Forum Moderators: phranque

Message Too Old, No Replies

Blocking badly behaved spiders

Such as IE Offline content or those that ignore robots.txt

         

sublime1

5:42 pm on Dec 16, 2004 (gmt 0)

10+ Year Member



Last night, we had something like 10 distinct IPs, all with IE user agents hitting our site as fast as they could. None obeyed robots.txt. And for a short time, our site was overwhelmed.

I would like to identify these automated user agents and temporarily block them. But I need to make sure I don't block the real search engine spiders.

I have a rewrite rule that Apache uses to look in a file for IPs to block (and then send a Forbidden) status back right away.

My thought is to maintain a cache of addresses that are hitting us frequently but whose user agents are not those we know we want. Once an IP exceeeds some threshold, we write their address to the list that Apache looks at and they are banned.

I would prefer not to reinvent this wheel -- does anyone know of some existing strategies or software that will help me with this problem? Our code is Java running in Tomcat, and our web server is Apache, all running on Linux.

Thanks in advance!

Sublime1

kpaul

5:52 pm on Dec 16, 2004 (gmt 0)

10+ Year Member



mod_throttle for apache. while i haven't tried it myself yet, i have similar problems and am thinking it will help. lemme know if you install it and it works - i haven't had time to try yet ;)

-kpaul

sublime1

8:19 pm on Dec 16, 2004 (gmt 0)

10+ Year Member



Thanks --

I looked at a mod_throttle I found via Google and it appears to work the other direction: specifying how much bandwidth a given site (virtual host, I guess) on a given web server can use.

I am looking for something that would detect patterns of incoming requests that tend to identify a spider, for example an excessive rate of requests from a given host.

kpaul

8:34 pm on Dec 16, 2004 (gmt 0)

10+ Year Member



i'm pretty sure it does what you're looking for. you can set it up with rules (from what i've read) so that if a particular IP or useragent hits your site more than x times per second or uses more than x megs in bandwidth, it will be stopped, delayed, etc.

or maybe i'm misunderstanding your request?

-kpaul

edit to add from the first goog site: [[Also mod_throttle can track and throttle incoming connections by IP address or by authenticated remote user.]]

The Contractor

8:44 pm on Dec 16, 2004 (gmt 0)

WebmasterWorld Senior Member 10+ Year Member



mod_throttle is exactly what it sounds like (throttle's resources).

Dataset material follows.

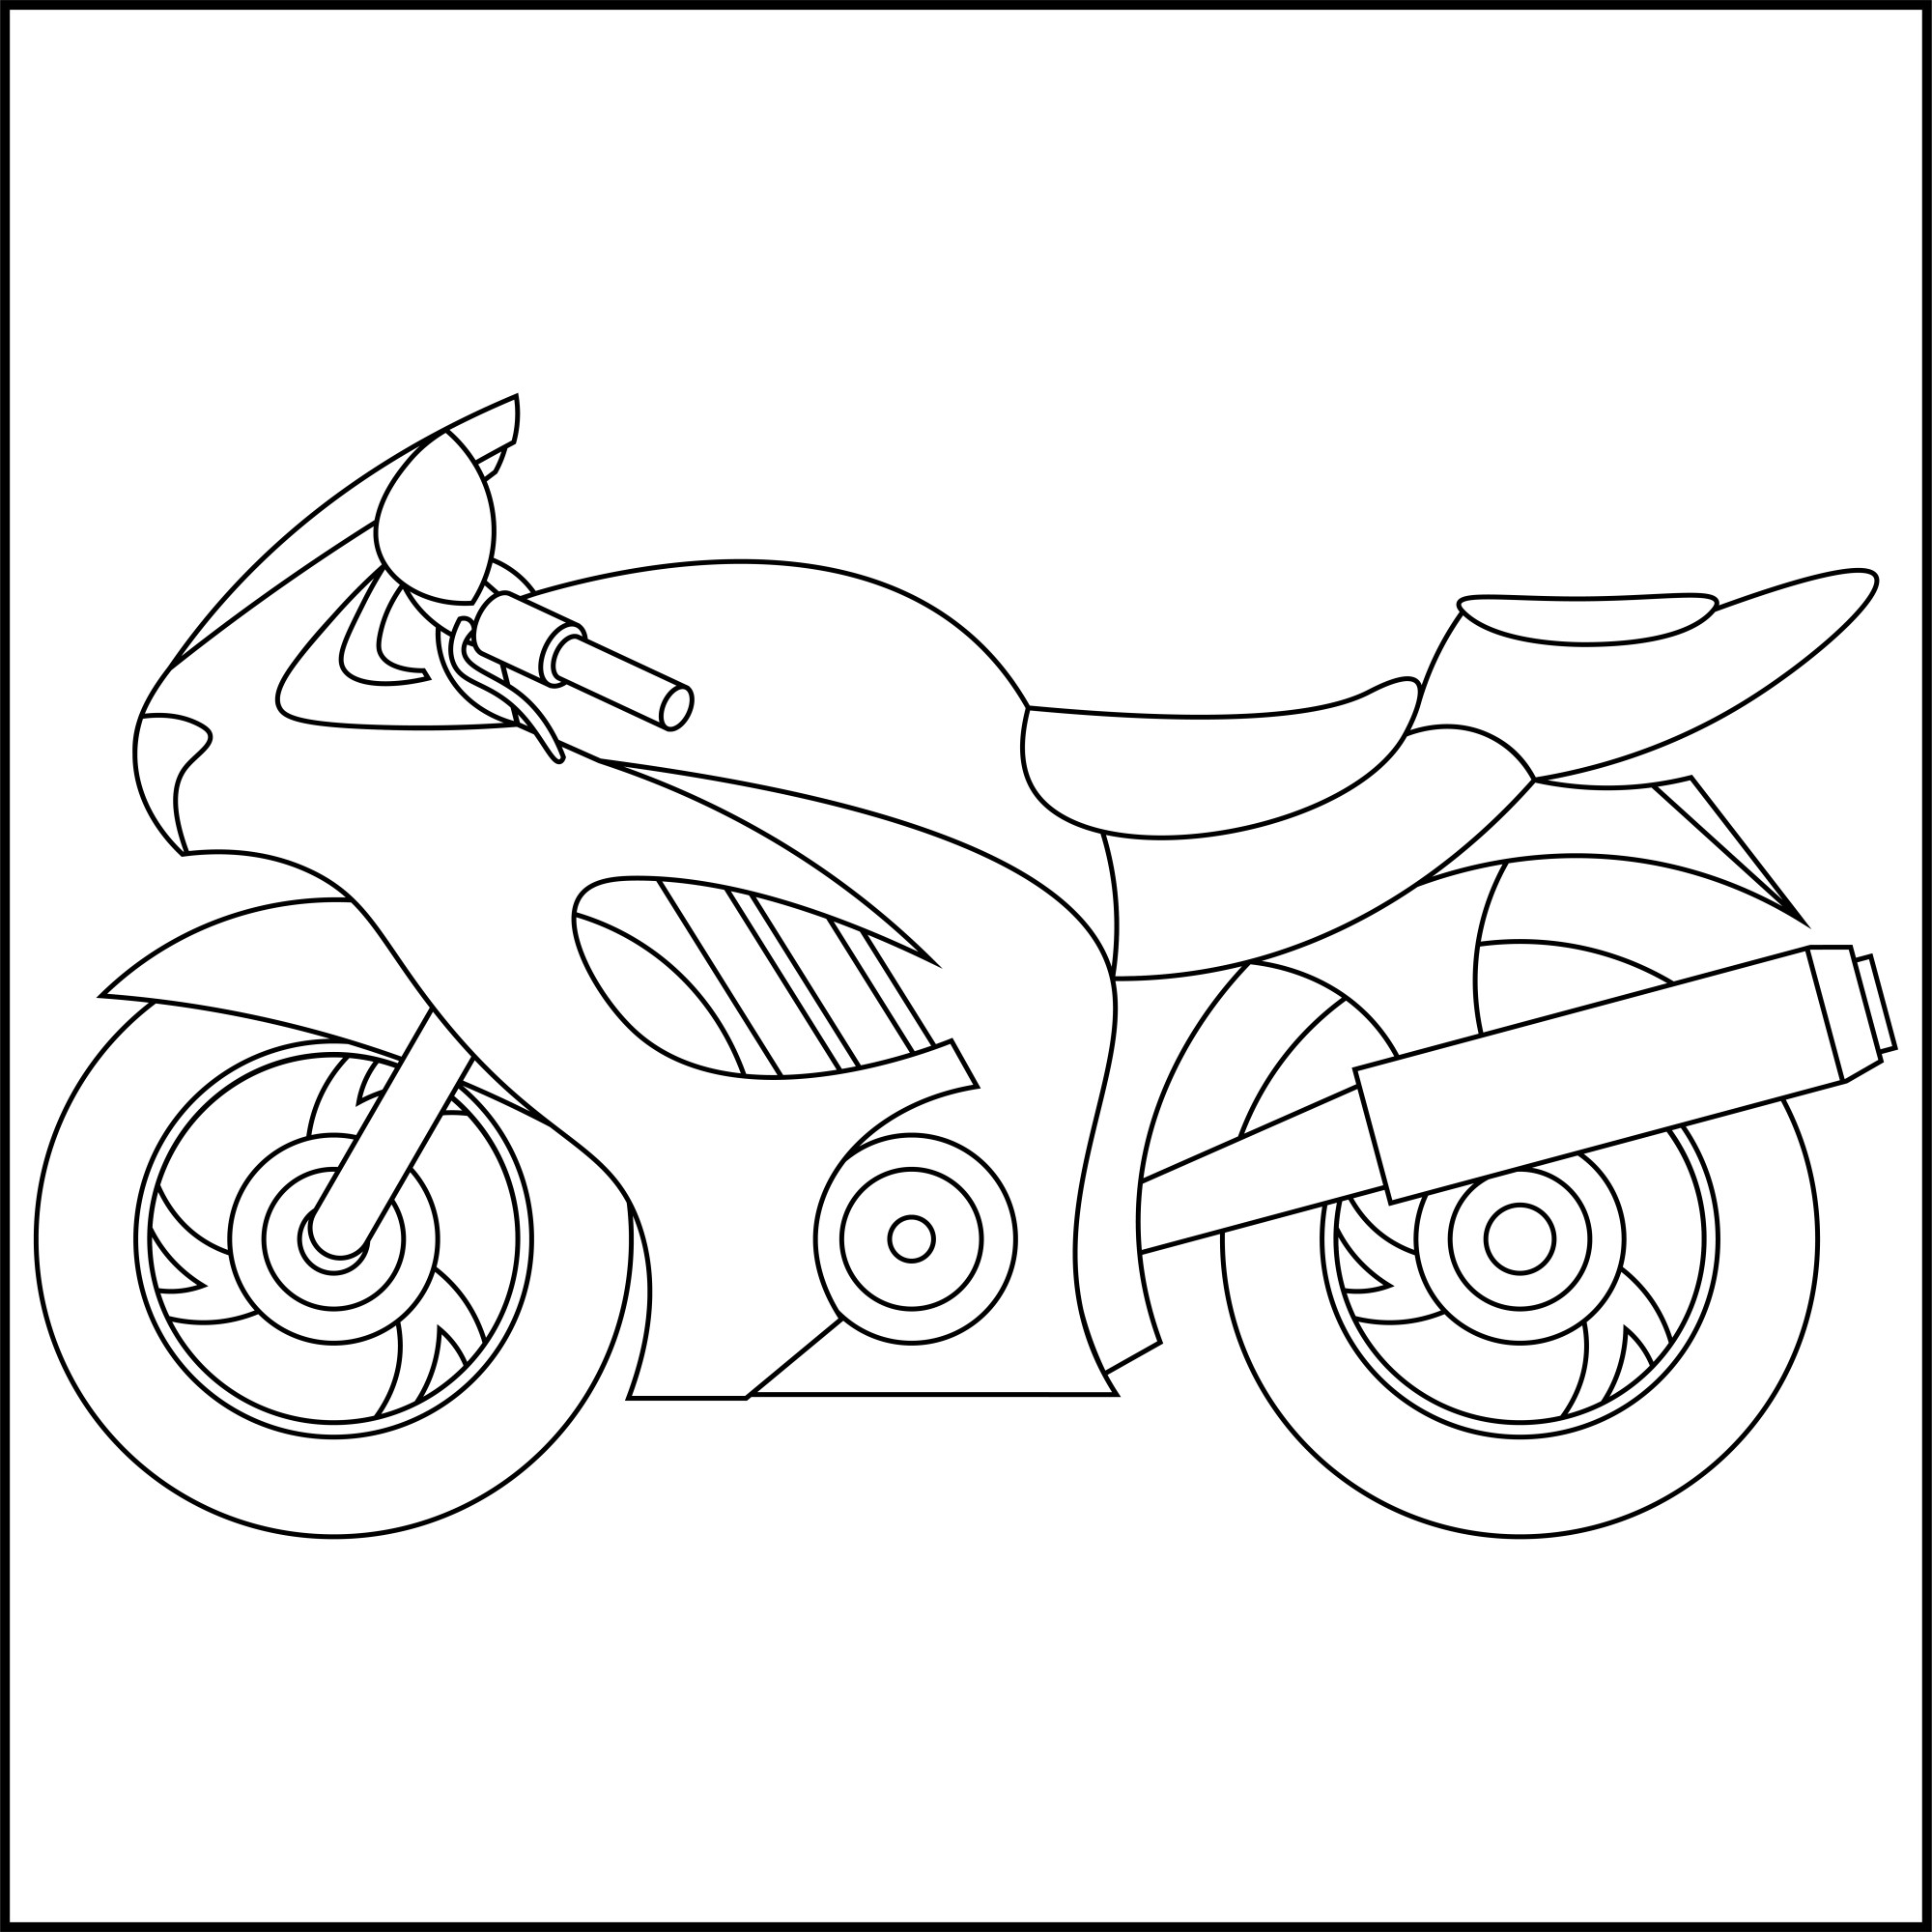 Раскраска для детей: быстрый мотоцикл «Кавасаки»

Do not use it if you run any scripting on your site because many perl scripts etc will not run (at least the ones I have tried). It is NOT what you want to control bots etc.

Use .htaccess to block bad bots or visitors you don't care to have. Many useful posts on this subject by searching this site like here [google.com] and here [google.com].

kpaul

8:51 pm on Dec 16, 2004 (gmt 0)

10+ Year Member



thanks contractor.

sorry for the bad advice ;)

-kpaul

sublime1

9:01 pm on Dec 16, 2004 (gmt 0)

10+ Year Member



Thanks Contractor. I was mostly having problems coming up with the right search terms to use to search WebmasterWorld :-)

The ban-bot script was the kind of thing I was looking for and I am sure there are other nuggest in there that I can use.